If you have set the RS_FAILOVER_MODE parameter to QUIESCE or SWITCH, RCM monitors the Replication Server during a failover process. The RCM monitors the failover process to determine when the Replication Server commands switch active or suspend log transfer have completed.
Certain configuration parameters control how RCM monitors the failover process:
FAILOVER_WAIT – the number of seconds the RCM waits after a potential failover is detected before initiating the failover process. This failover waiting period gives the active Adaptive Server an opportunity to recover automatically. For example, if you set FAILOVER_WAIT to 60, RCM waits 60 seconds before initiating the failover process.
MONITOR_WAIT – the number of seconds the RCM monitors Replication Server after invoking a failover command in Replication Server and before switching end users to the standby Adaptive Server. This gives the Replication Server time to empty its queues. For example, if you set MONITOR_WAIT to 60, RCM monitors Replication Server for 60 seconds.
The MONITOR_WAIT parameter is not used if the RS_FAILOVER_MODE parameter is set to NONE.
If you set MONITOR_WAIT to -1 and RS_FAILOVER_MODE to QUIESCE, RCM quiesces Replication Server and ensures replication server queues are emptied completely. RCM then switches user connections to the standby Adaptive Server. See RS_FAILOVER_MODE in “Understanding RCM configuration parameters,” for more information
TIMER_INTERVAL – the number of seconds the RCM waits between server pings and monitoring commands. The TIMER_INTERVAL value must be less than or equal to the values of the FAILOVER_WAIT and MONITOR_WAIT parameters.
For example, if you set TIMER_INTERVAL to 5, RCM waits 5 seconds between server pings and monitoring commands. If you set FAILOVER_WAIT to 60, the RCM pings the server 12 times before beginning the failover process.
If the TIMER_INTERVAL value
is greater than either or both the FAILOVER_WAIT and MONITOR_WAIT values,
the RCM does not start and displays a notification that there is
an error in the parameter settings.
You can tune the system using these configuration parameters. Used together, these parameters work as described in the following scenario:
The RCM detects a failover in the system.
RCM pings the active Adaptive Server every TIMER_INTERVAL seconds for FAILOVER_WAIT seconds to determine if it has recovered.
After FAILOVER_WAIT seconds, the Adaptive Server has not recovered, so the RCM initiates the failover process.
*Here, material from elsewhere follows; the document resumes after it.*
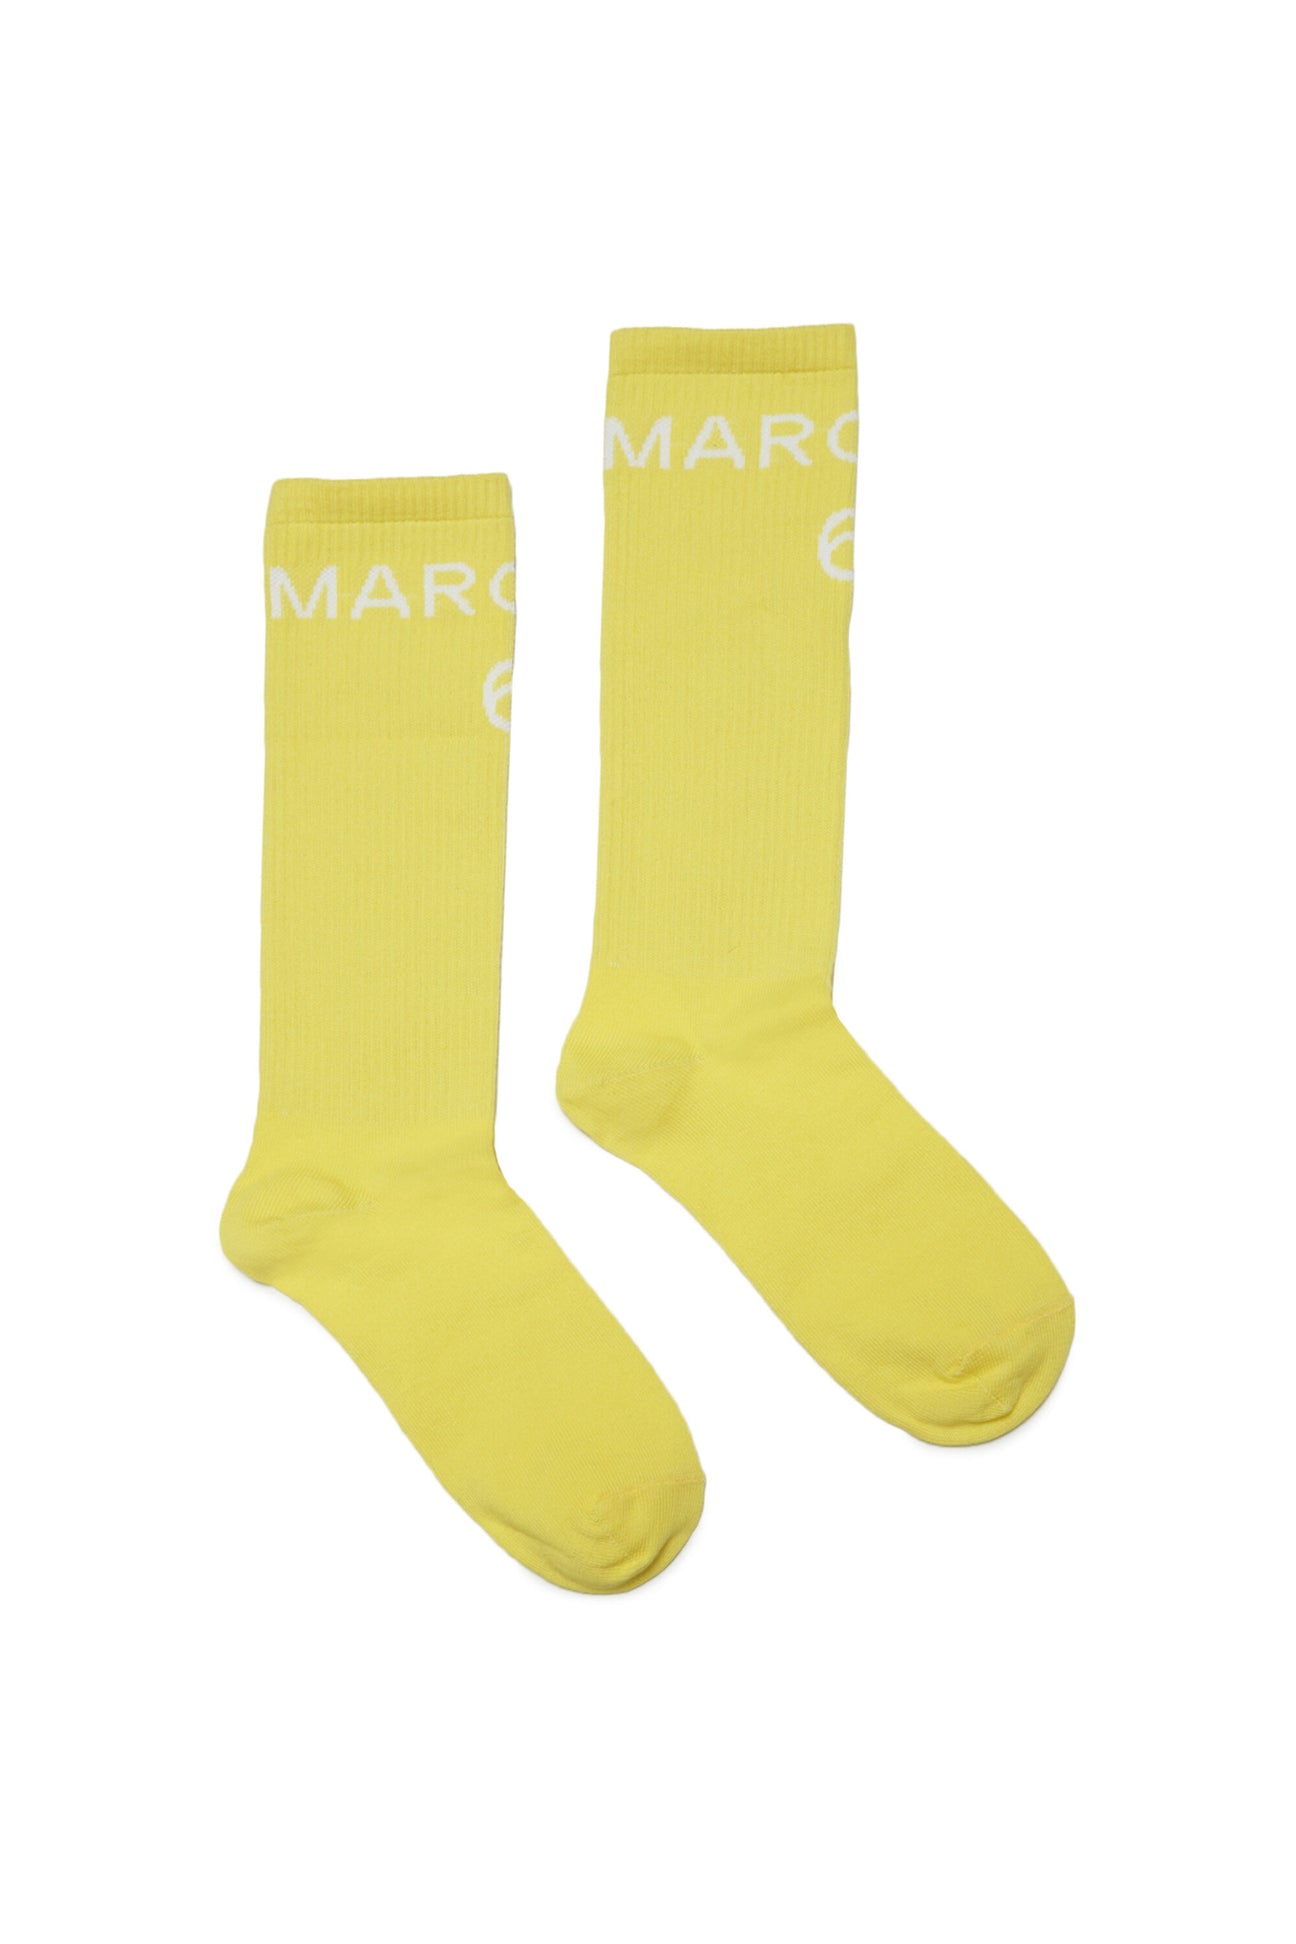 Yellow cotton socks with logo 
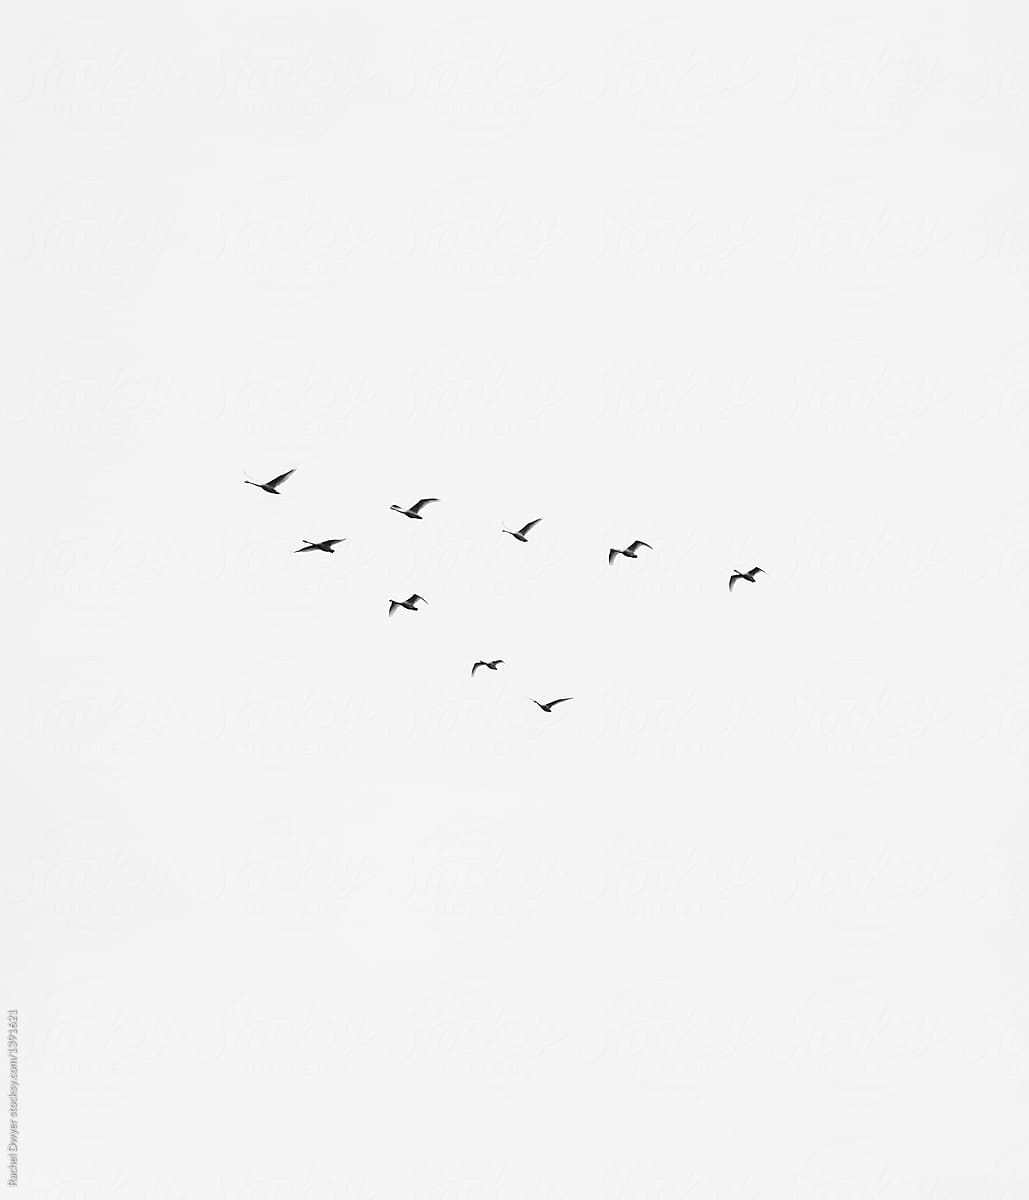 Birds flying above in a V

The RCM begins to monitor Replication Server. Every TIMER_INTERVAL seconds, the RCM issues a monitoring command.
The RCM continues to monitor Replication Server for MONITOR_WAIT seconds. At that time, or when the Replication Server finishes the failover process if that is sooner, the RCM switches the users to the standby Adaptive Server.
The
RCM uses the FAILOVER_WAIT and TIMER_INTERVAL parameters
to monitor the environment even when you set the RS_FAILOVER_MODE parameter
to “NONE” because you plan to fail over the Replication
Server manually. In this case, the RCM responds to a failover by
locking user connections out of the Adaptive Server, but does not
invoke any Replication Server commands.